Nun sind jedem Sportartikelhersteller seine Werbefilmchen selbst überlassen. Doch die inszenierte Volksnähe illustriert das Identitätsproblem der deutschen Nationalelf im Herbst 2019. Seit der Heim-WM 2006 besuchten im Schnitt nie so wenig Zuschauer die Spiele, selbst Klassiker gegen Argentinien fanden vor erschütternd dünn besetzten Rängen statt. Fans und Fußballinteressierte wenden sich nicht nur von der Mannschaft ab, sie begegnen ihr mittlerweile oft mit einer lakonischen Gleichgültigkeit. Der geläufigste Satz rund um die letzten Auftritte war wohl: „Ach, die spielen heute?“ Oder wie es zwei der unzähligen Deutschlandfahnenflüchtigen in Kommentaren auf der 11FREUNDE-Facebookseite ausdrücken:
„Die Mannschaft powered by Coca Cola hat mir den Rest gegeben. #zsmmn oder wie das heißt war der letzte Sargnagel.“
„Russland war der kalte Entzug einer dekadenten Schnöseltruppe für mein Fanherz und das Länderspiel in Hamburg die Vollendung.“
Die Vollendung ist auf dem Vorplatz des Mönchengladbacher Stadions zu besichtigen. Gleich spielt Deutschland gegen Weißrussland, und der Zirkus ist in der Stadt. Links stehen die Trucks der DFB-Sponsoren, Selfiestände laden dazu ein, Fotos neben dem neuen Trikot zu machen. An einem weiteren Stand fragt ein Moderator ein Kind nach dessen Tipp. Lautstarke Retour: „4:0 für Bayern.“ Ein mobiles Schminkkommando stürzt sich auf die Besucher, flippige Volunteers verteilen Deutschlandfahnen, die angeblich aus dem Vorrat der WM 2018 stammen. Vor dem Zelt des Fanclubs Nationalmannschaft spielt „Yeti“, eine Blaskapelle. Zwanzig Männer in Ganzkörperfellanzügen, ausgestattet mit Pauken, Trompeten und demonstrativ guter Laune.
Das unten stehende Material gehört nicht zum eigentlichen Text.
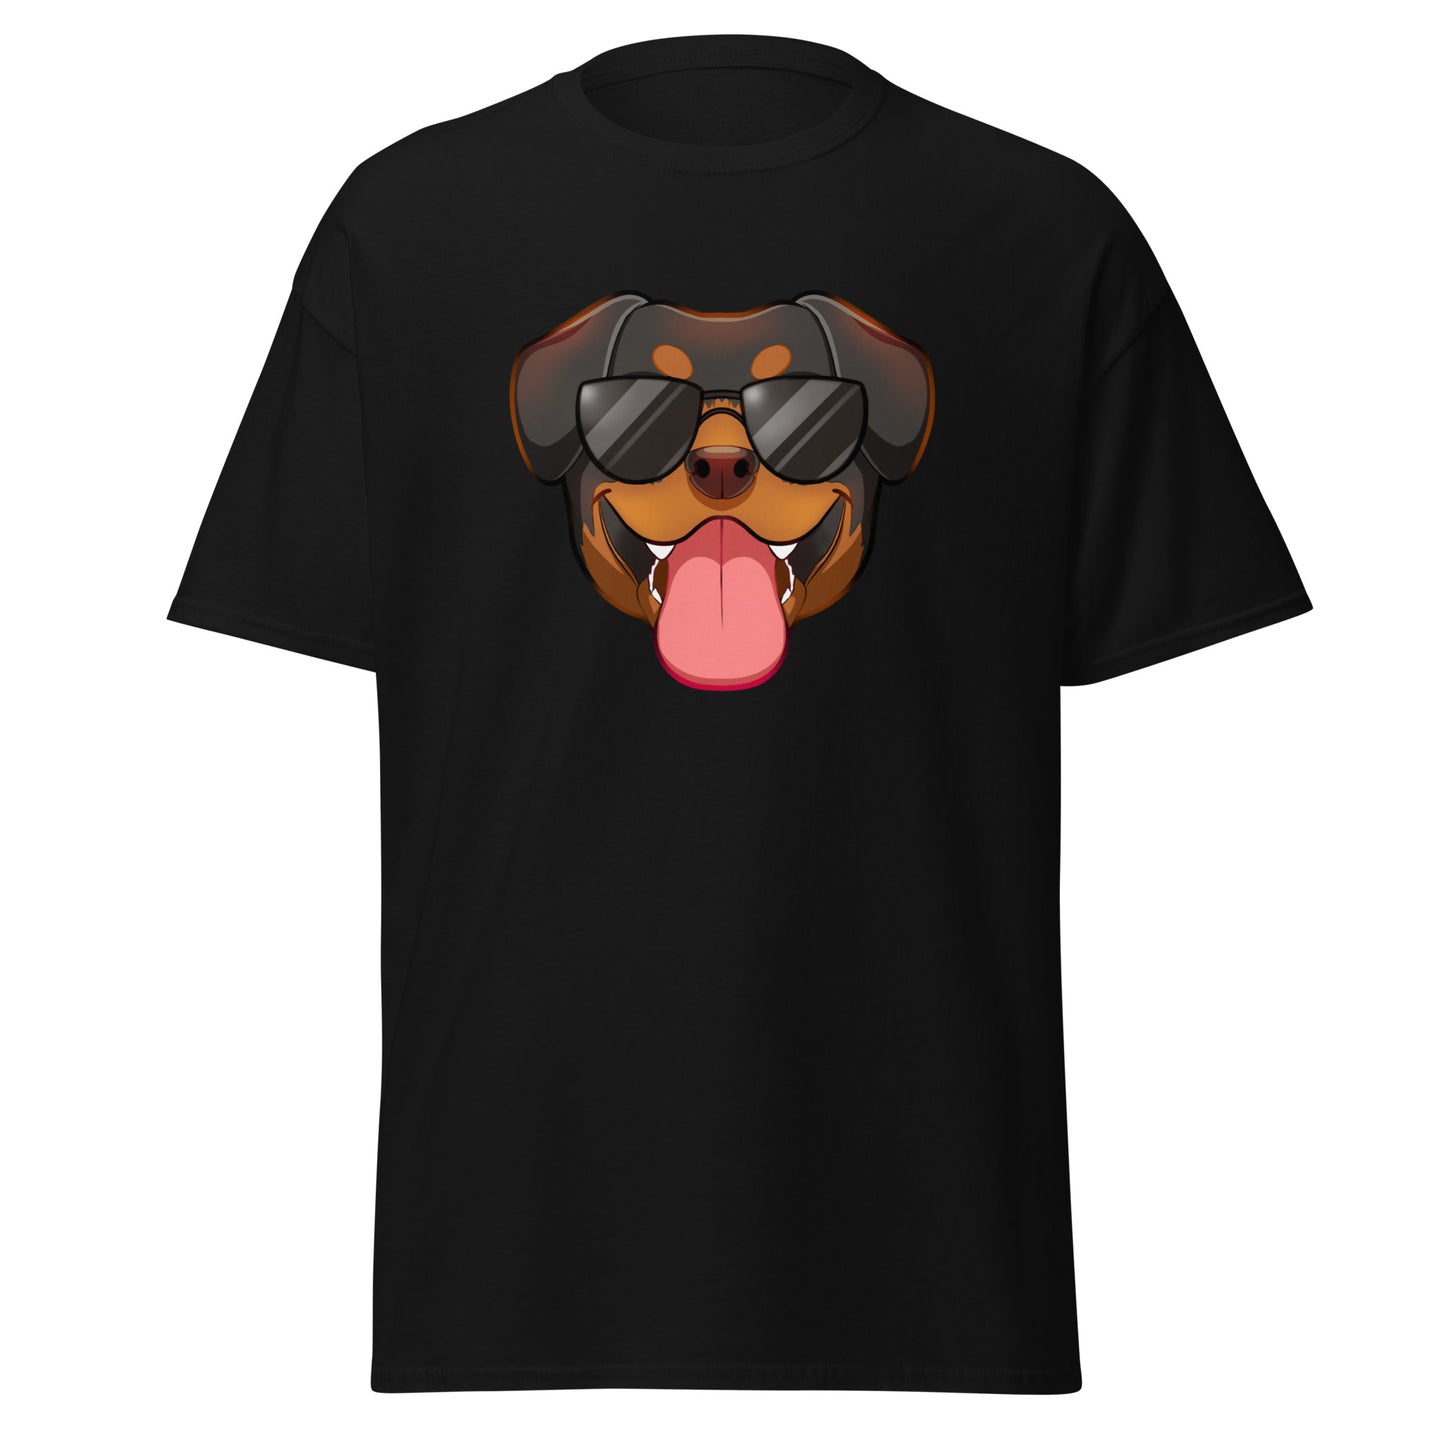 Cool Sunglasses Dog Gamer T-Shirt - Soft, High-Quality Tee for Twitch Streamers and Discorders

Normalerweise spielen sie auf Volksfesten, Feuerwehrjubiläen, Möbelhauseröffnungen.
Selfiestand, Schminktrupp, Yetiband – bei Länderspielen ist regelmäßig der Zirkus in der Stadt.
Heute stehen sie vor einem Fußballstadion und kommen gut an. „So gehen die Deutschen, die Deutschen, die gehen so.“ Der Gesang, der sogar in der allumfassenden Jubelstimmung des WM-Triumphs für Kritik gesorgt hatte, löst hier beinahe orgiastischen Jubel aus. Kinder scharen sich um die Band, Erwachsene in Fleece- und Steppjacken machen begeistert Fotos mit ihren Handykameras. Die Mitglieder der Kapelle gehen in die Hocke: „So gehen die Holländer, die Holländer gehen so.“ Von einer gewissen Demut gegenüber dem großen Rivalen ist hier zumindest nichts zu spüren. Ähnlich wie vor Monaten in Hamburg: Da bemerkte der Fanclub Nationalmannschaft erst im letzten Augenblick, dass der schwarzrotgoldene Gruß „Vollgas“ bei den Gästen aus den Niederlanden nicht die allerbesten Assoziationen hervorrufen würde. Schnell wurde „Vollgas“ in „Volley“ umgetextet. Gegen Weißrussland muss dann Walt Disney herhalten. Oder ein Glückskeks: „Alle Träume können wahr werden, wenn wir den Mut haben, ihnen zu folgen“, steht auf einem Tribünenbanner. Ein anderes Transparent am Stadiontor mit der Aufschrift „Korrupte Verbände stoppen“ wurde hingegen entfernt.